Beefy Boxes and Bandwidth Generously Provided by pair Networks
Syntactic Confectionery Delight
 
PerlMonks  

Why does Perl get slower when building a larger hash? (Not due to the memory swapping)

by chialingh (Initiate)
on Feb 28, 2013 at 22:57 UTC ( #1021121=perlquestion: print w/ replies, xml ) Need Help??
chialingh has asked for the wisdom of the Perl Monks concerning the following question:

Hi, I have 10,000 input files and each of them contains a list of numbers. What I want to do is comparing those files pairwisely and find common items between any two files.

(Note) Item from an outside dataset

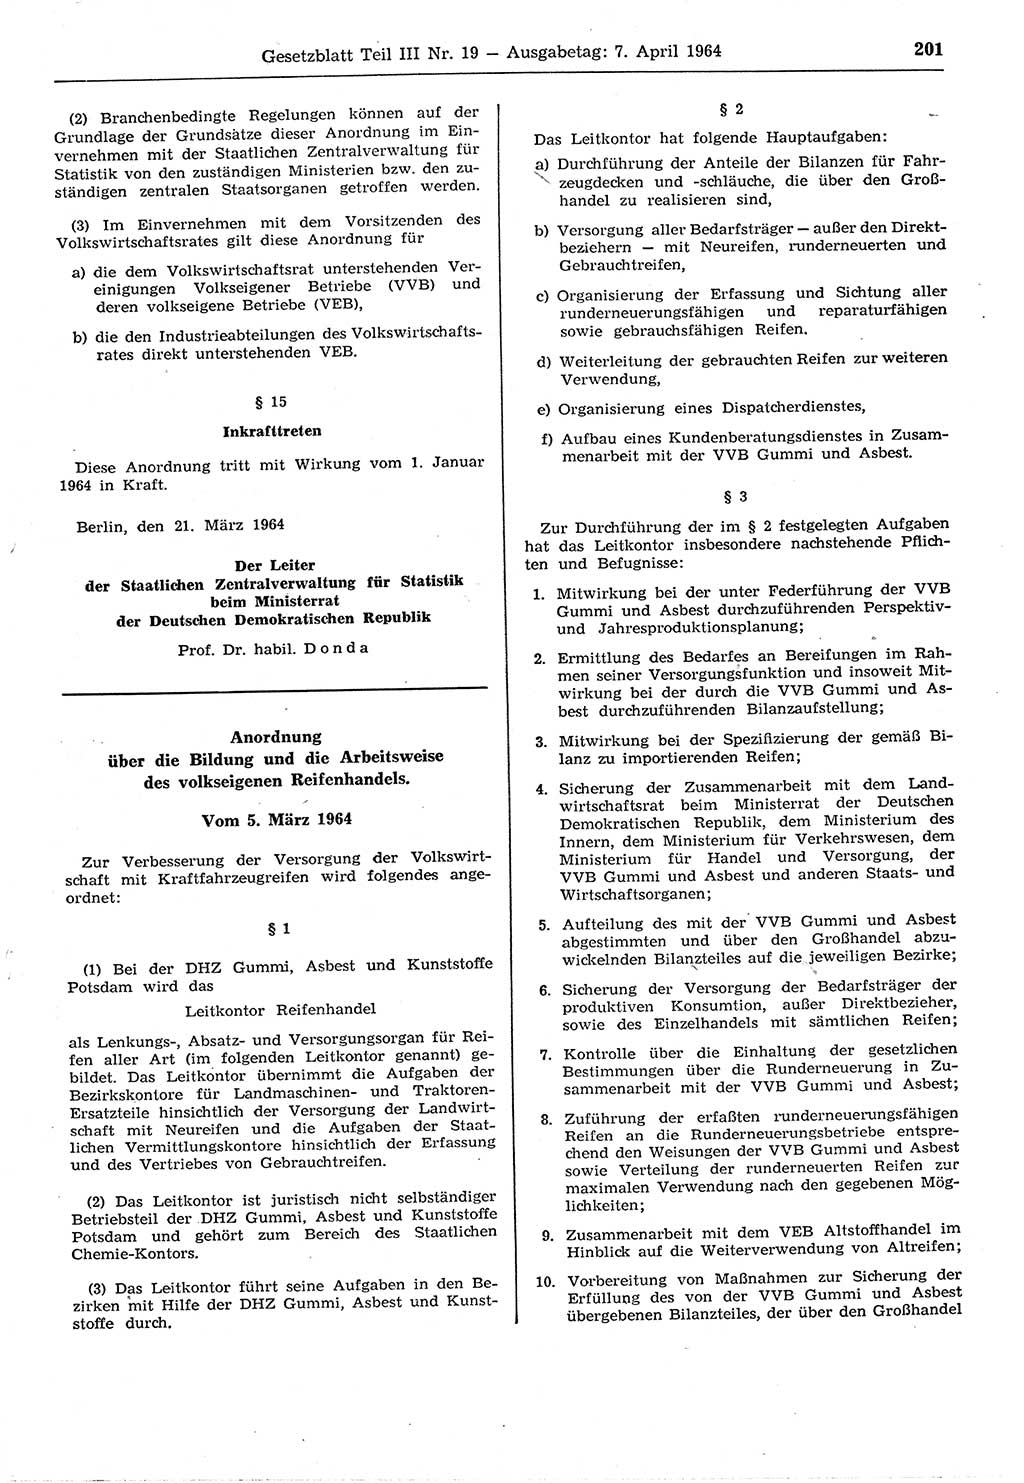 Gesetzblatt (GBl.) der Deutschen Demokratischen Republik (DDR) Teil ⅠⅠⅠ 1964, Seite 201 (GBl. DDR ⅠⅠⅠ 1964, S. 201)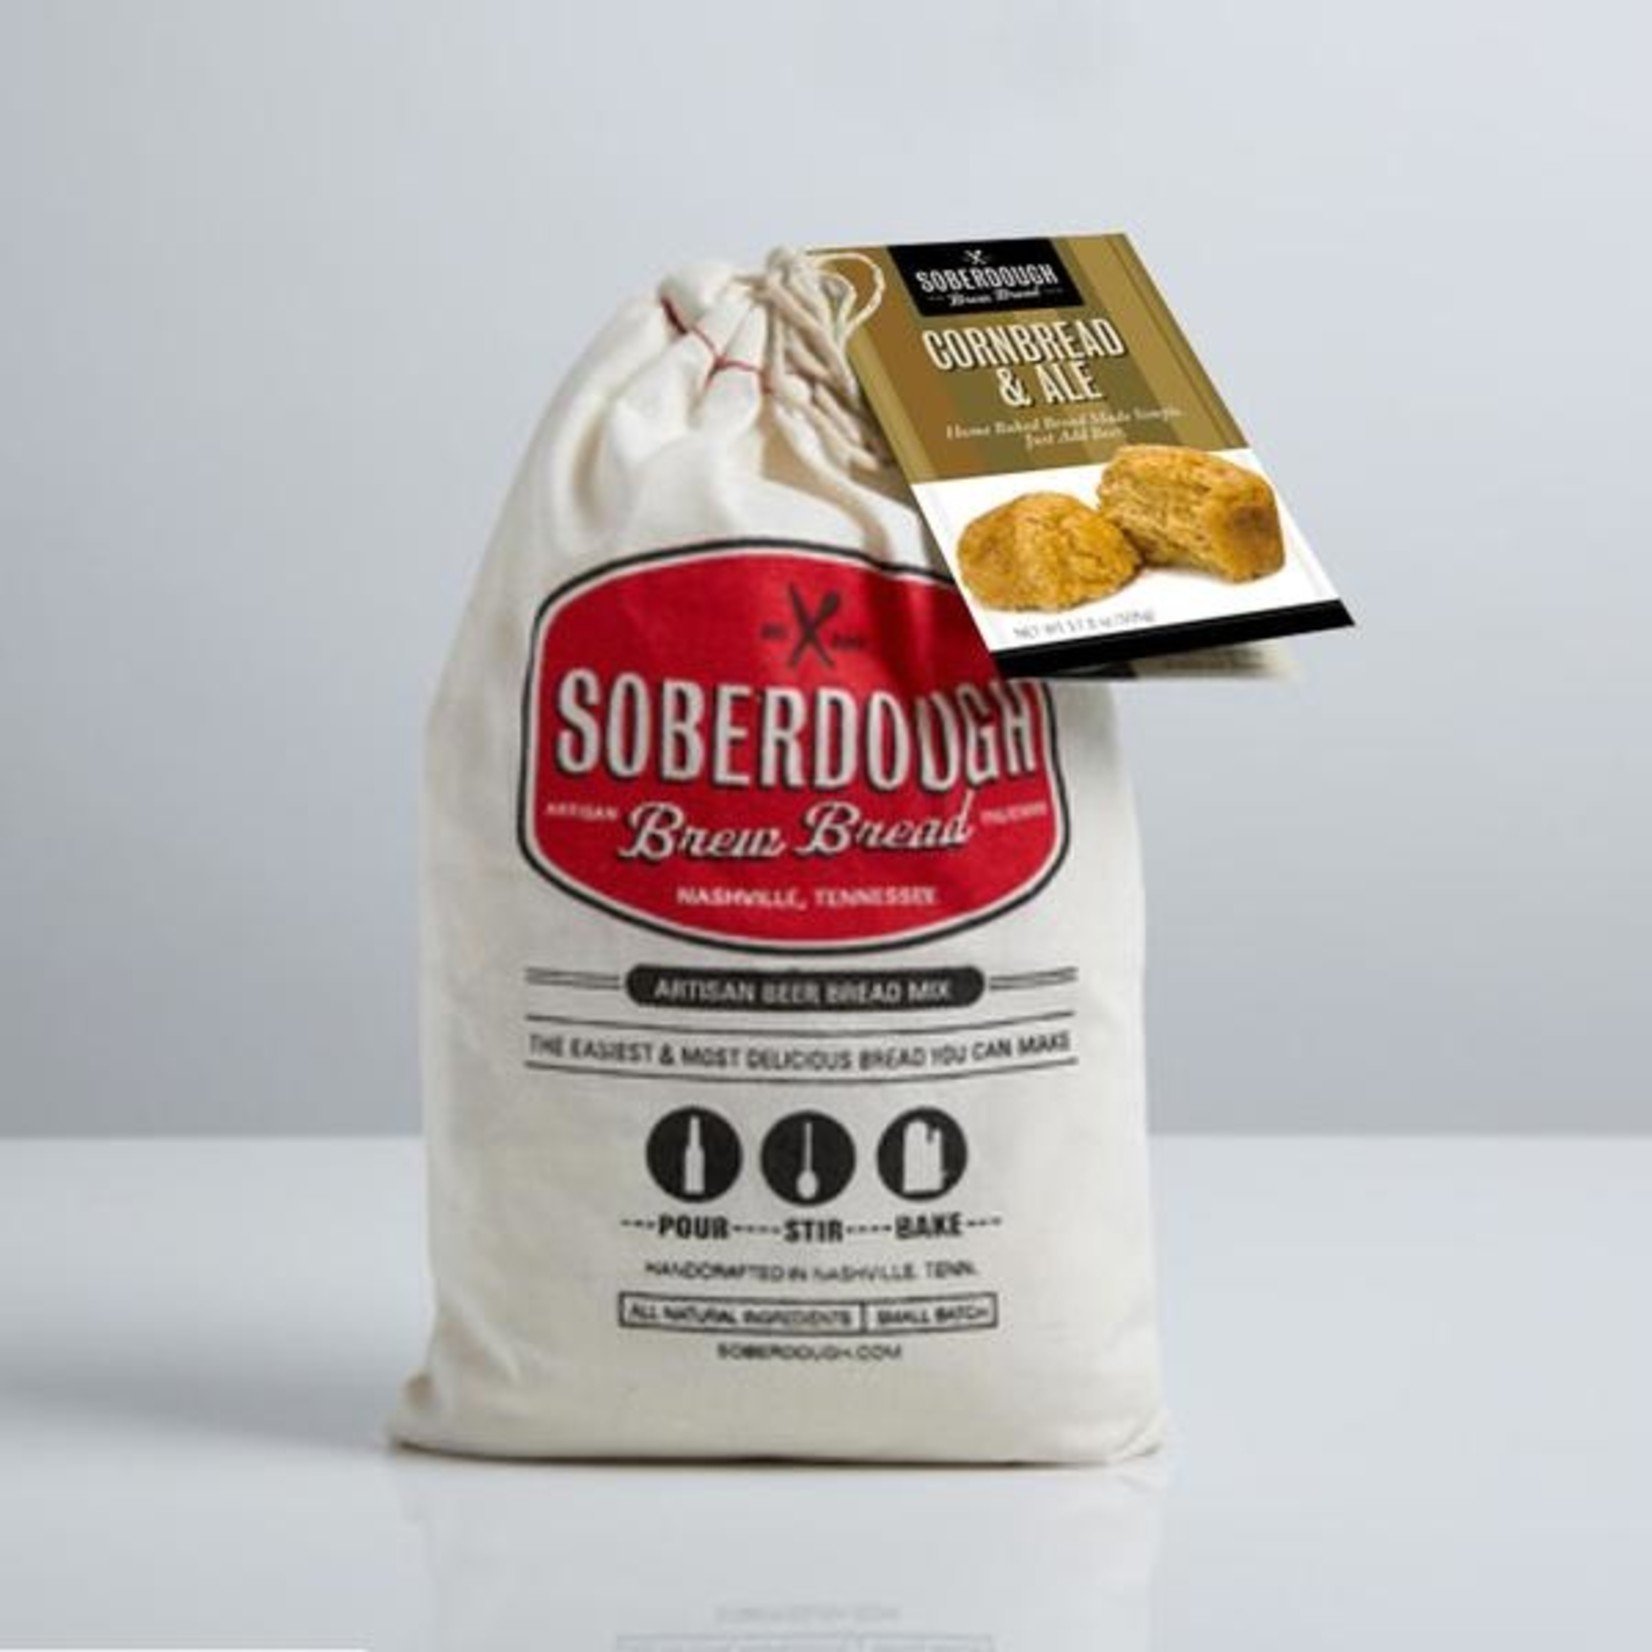 SoberDough SoberDough -  Cornbread & Ale

At the end, I'll store my results in three hashes.

1. common items/total number of items in file 1 and file 2

2. common items/number of items in file 1

3. common items/number of items in file 2

However, i did a test and found that the time needed to calculate the overlapping between two files increases with the number of the total files.

Here is my time log:

300 files: 0.15 ms (calculation time for each file pair)

500 files: 0.19 ms

700 files: 0.24 ms

900 files: 0.28 ms

1100 files: 0.33 ms

1300 files: 0.37 ms

2500 files: 0.55 ms

4500 files: 0.9 ms

My computer has sufficient memory and I'm pretty sure it didn't do memory swapping when running the script. Can anyone kindly tell me why the unit time increases with the number of input files?

Thanks!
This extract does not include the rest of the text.